The floor is concrete. The television is encased in a metal
and plexiglass box. For a time, the day room contained
portable bunks on which several detainees, including King,
slept. Finally, each module has a single room with one large
window facing outside and covered by a metal-wire mesh
screen, for detainees’ “outdoor recreation.”
Detainees in the SVP unit were housed separately from
the jail’s criminal population, but were subject to essentially
the same regime. Except during the holidays, SVP detainees
were locked in their cells at night. SVP detainees were not
allowed to make or receive direct telephone calls. They were
not allowed to have “contact visits” with anyone, including
family members. They were not allowed to possess property
such as personal radios, televisions, computers, telephones,
and athletic shoes and clothing. They were not allowed direct
access to photocopy machines, even if they were representing
themselves in legal proceedings.
KING V. COUNTY OF LOS ANGELES 7
“As a courtesy,” SVP detainees received a few
“privileges” that were not available to the criminal detainee
population. Jail regulations provided, “Upon availability, and
as a courtesy, SVP inmates may be issued one extra blanket.”
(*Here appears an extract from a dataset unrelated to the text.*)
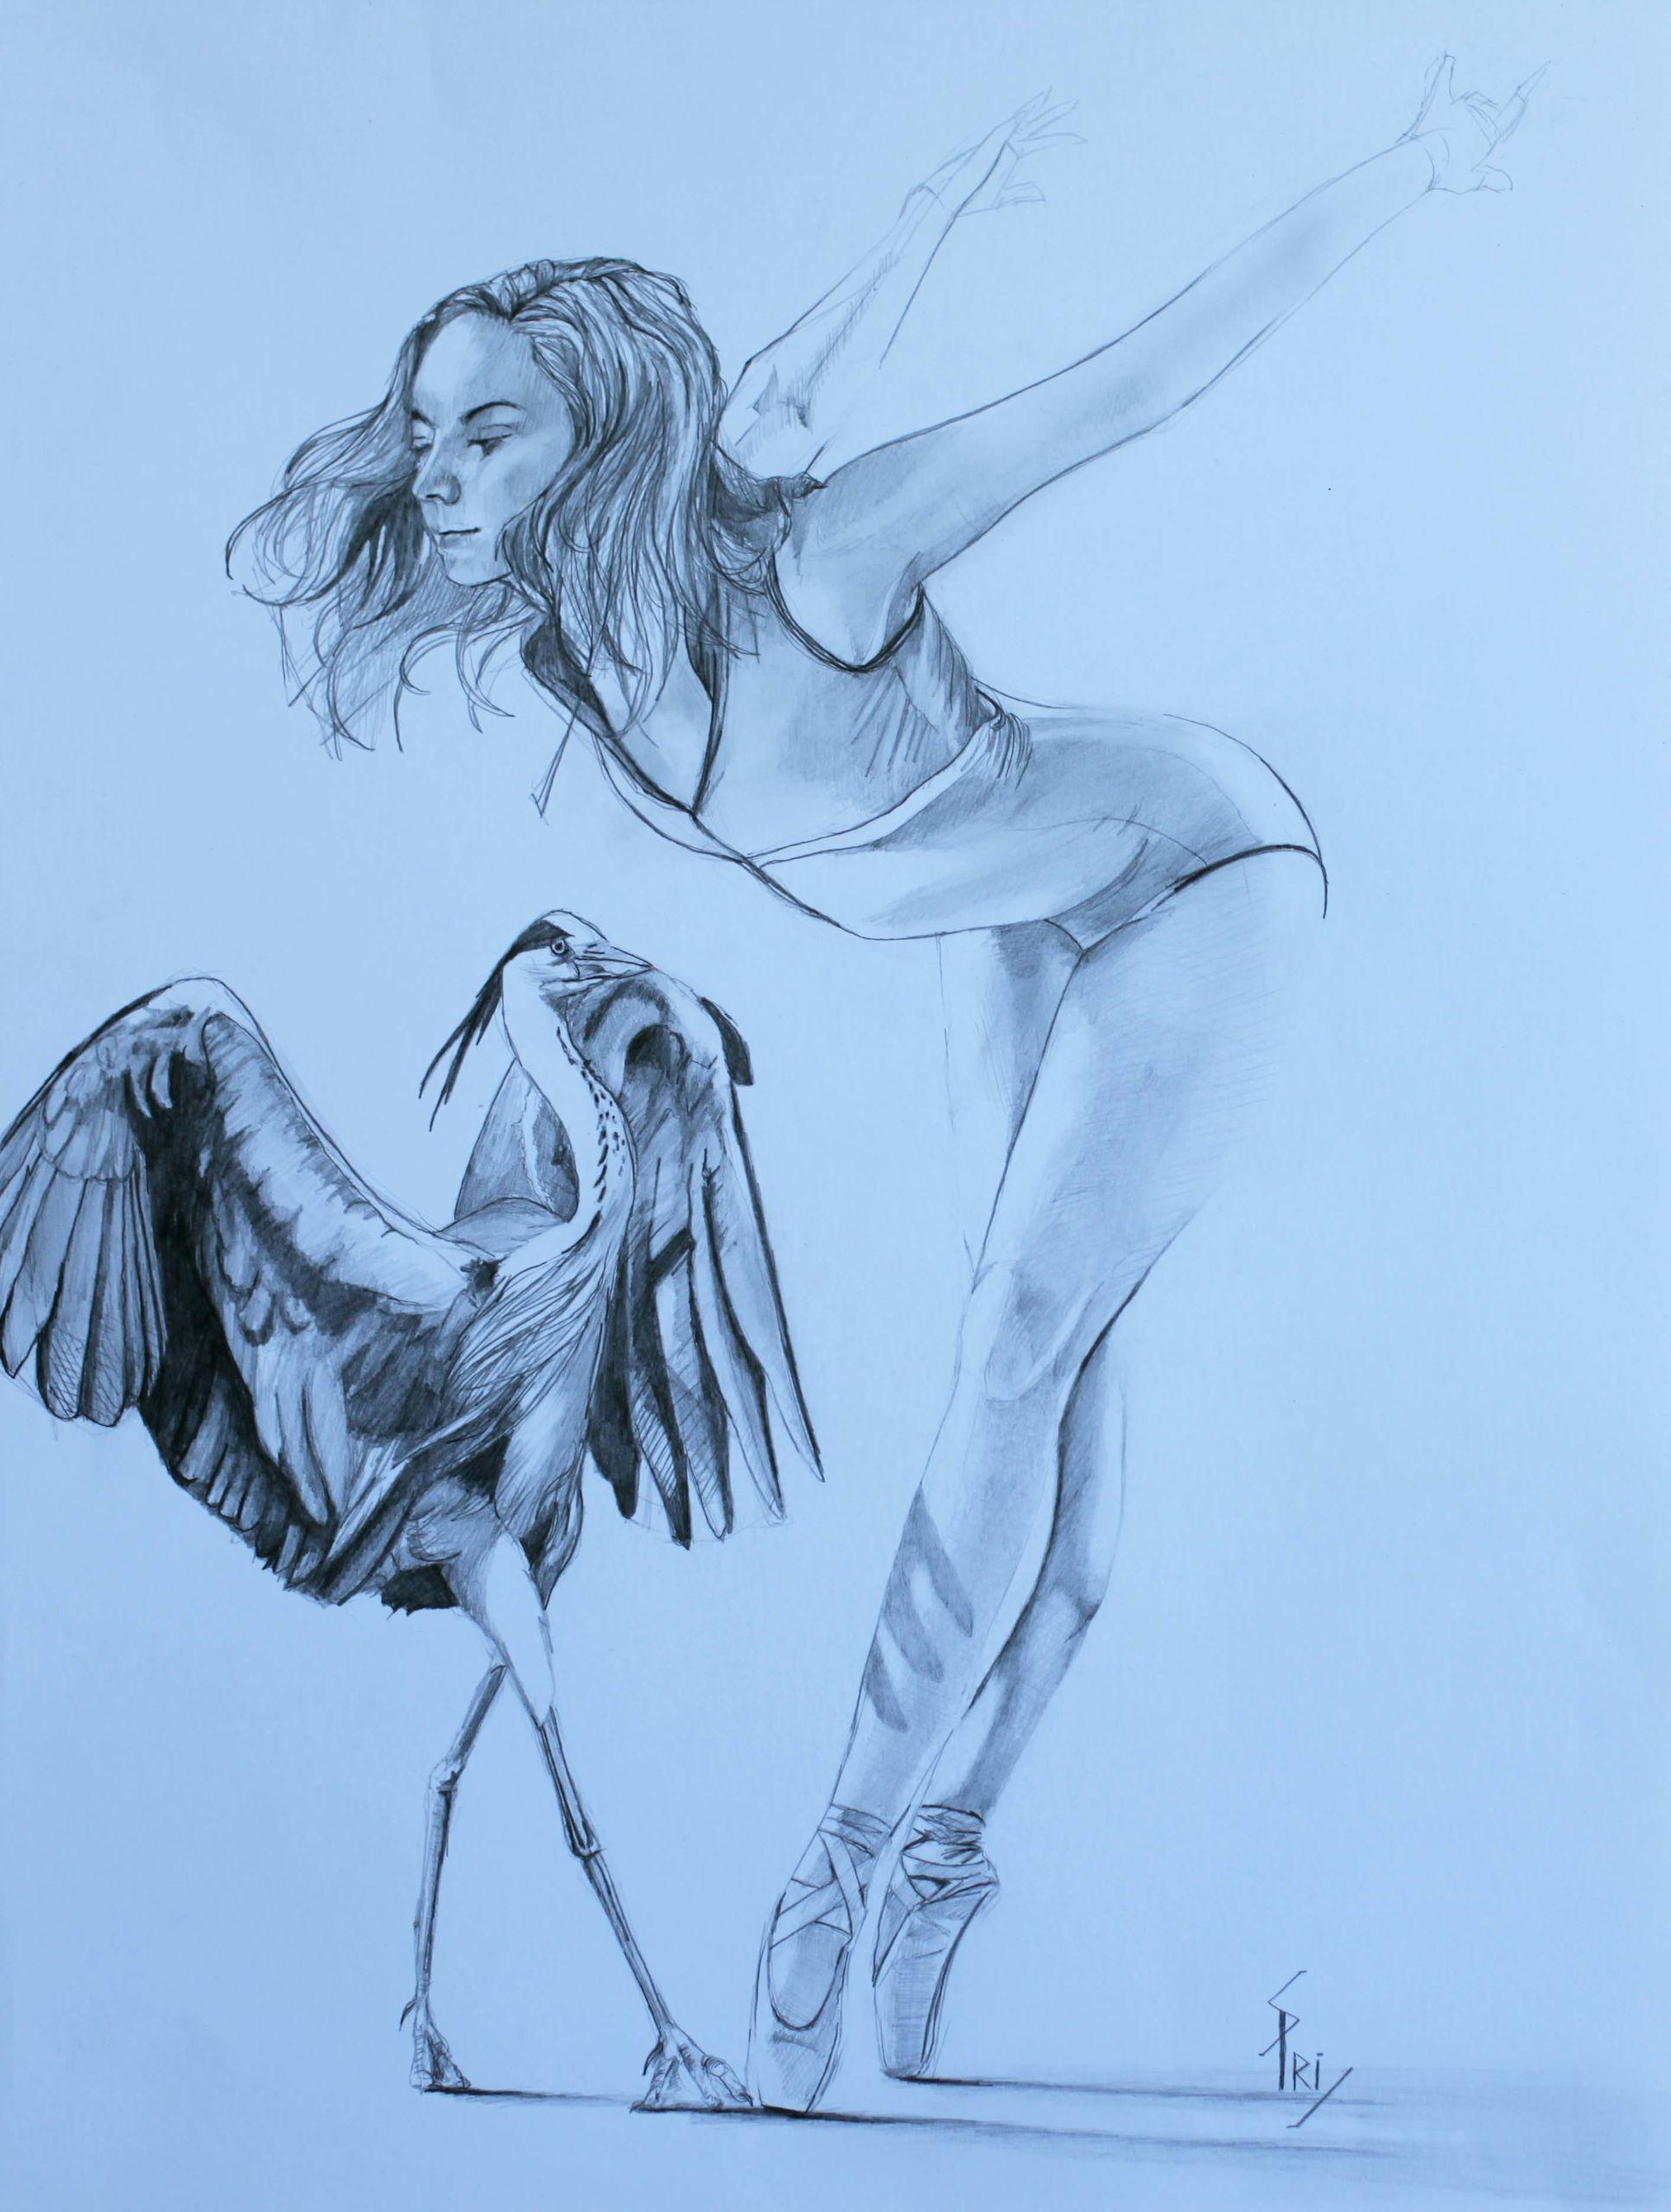 dessin par Priscilla Seiller : l'oiseau et la danseuse

“As a courtesy, SVP inmates may receive hot water servings
during [the] AM shift and at the discretion of module staff.”
“As a courtesy, plastic chairs are permitted in the SVP inmate
pod and shall not be assigned to any particular inmate. No
more than 10 chairs are permitted in the pod at any given
time. Chairs will be permitted after the morning meal and
shall be removed from the pod at 2130 hours.” “As a
courtesy, each SVP inmate may retain a cardboard property
box, green property bag and 3 file folders for the storage of
legal material.” “As a courtesy, daily television
programming may be scheduled by SVP inmates.” “As a
courtesy, SVP inmates are permitted visits seven days a
week, but no more than two thirty-minute visits per week.”
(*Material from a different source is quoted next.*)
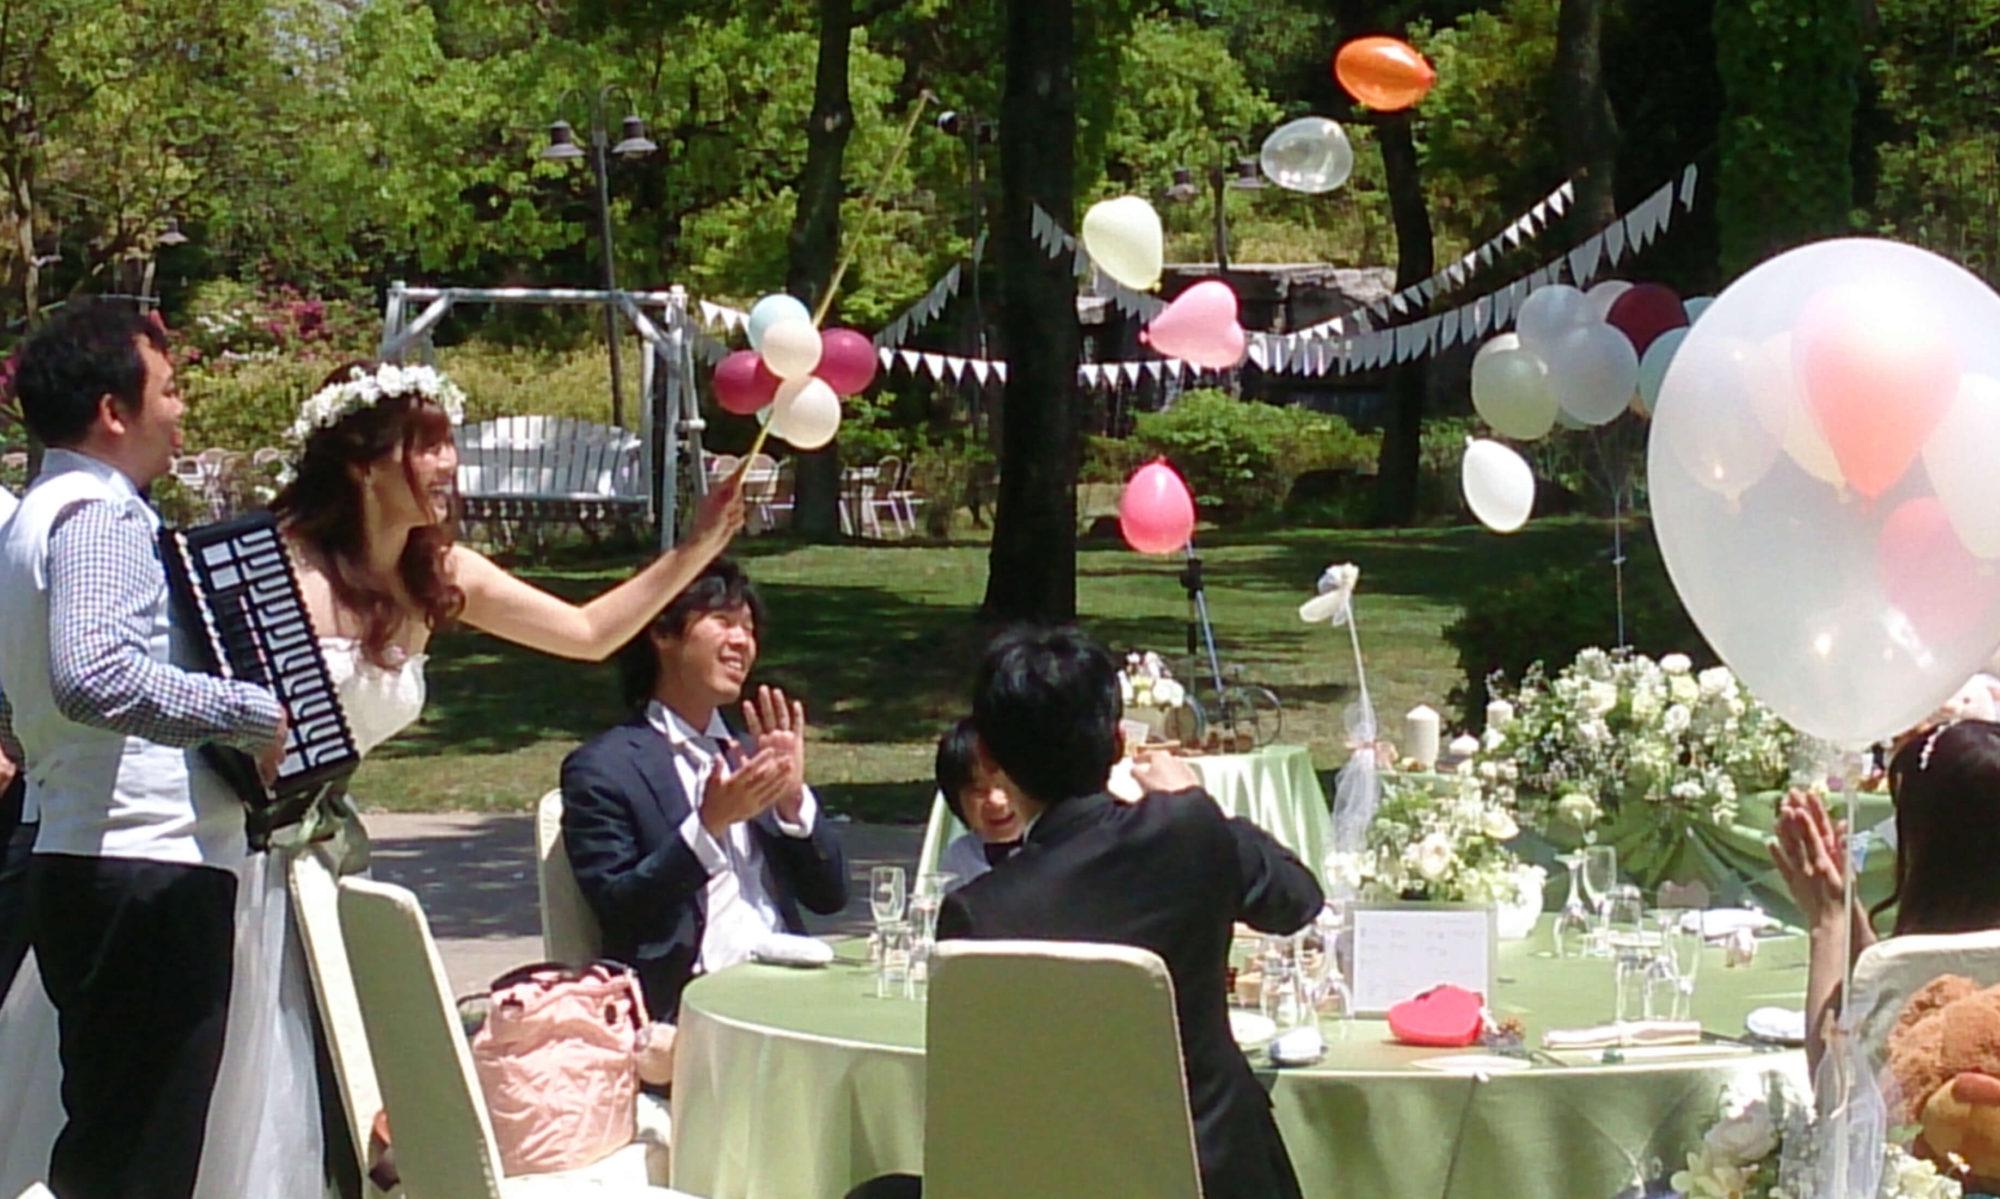 【公式】姫路市近郊にある森の中の結婚式|ホテルサンシャイン青山(姫路市)

During such visits, “SVP inmates shall be handcuffed to the
single-cuff chain attached to the visiting stool.”
The precise dates King was housed in the SVP unit are
not entirely clear. For purposes of this opinion, we rely on
King’s “Inmate Information” log maintained by TTCF.
According to the log, King was housed in the SVP unit from
November 2005 until February 2006, and again from March
2007 to February 2008, for a total of a year and three months.
For the remainder of his time at TTCF, King was
confined in AdSeg along with criminal detainees, in
conditions indistinguishable from theirs. Detention in AdSeg
was highly restrictive. AdSeg inmates were housed in single-
person cells and had “their dayroom time alone.” Inmates
were handcuffed when moved out of their cells. They were
not allowed out of their cells for religious services.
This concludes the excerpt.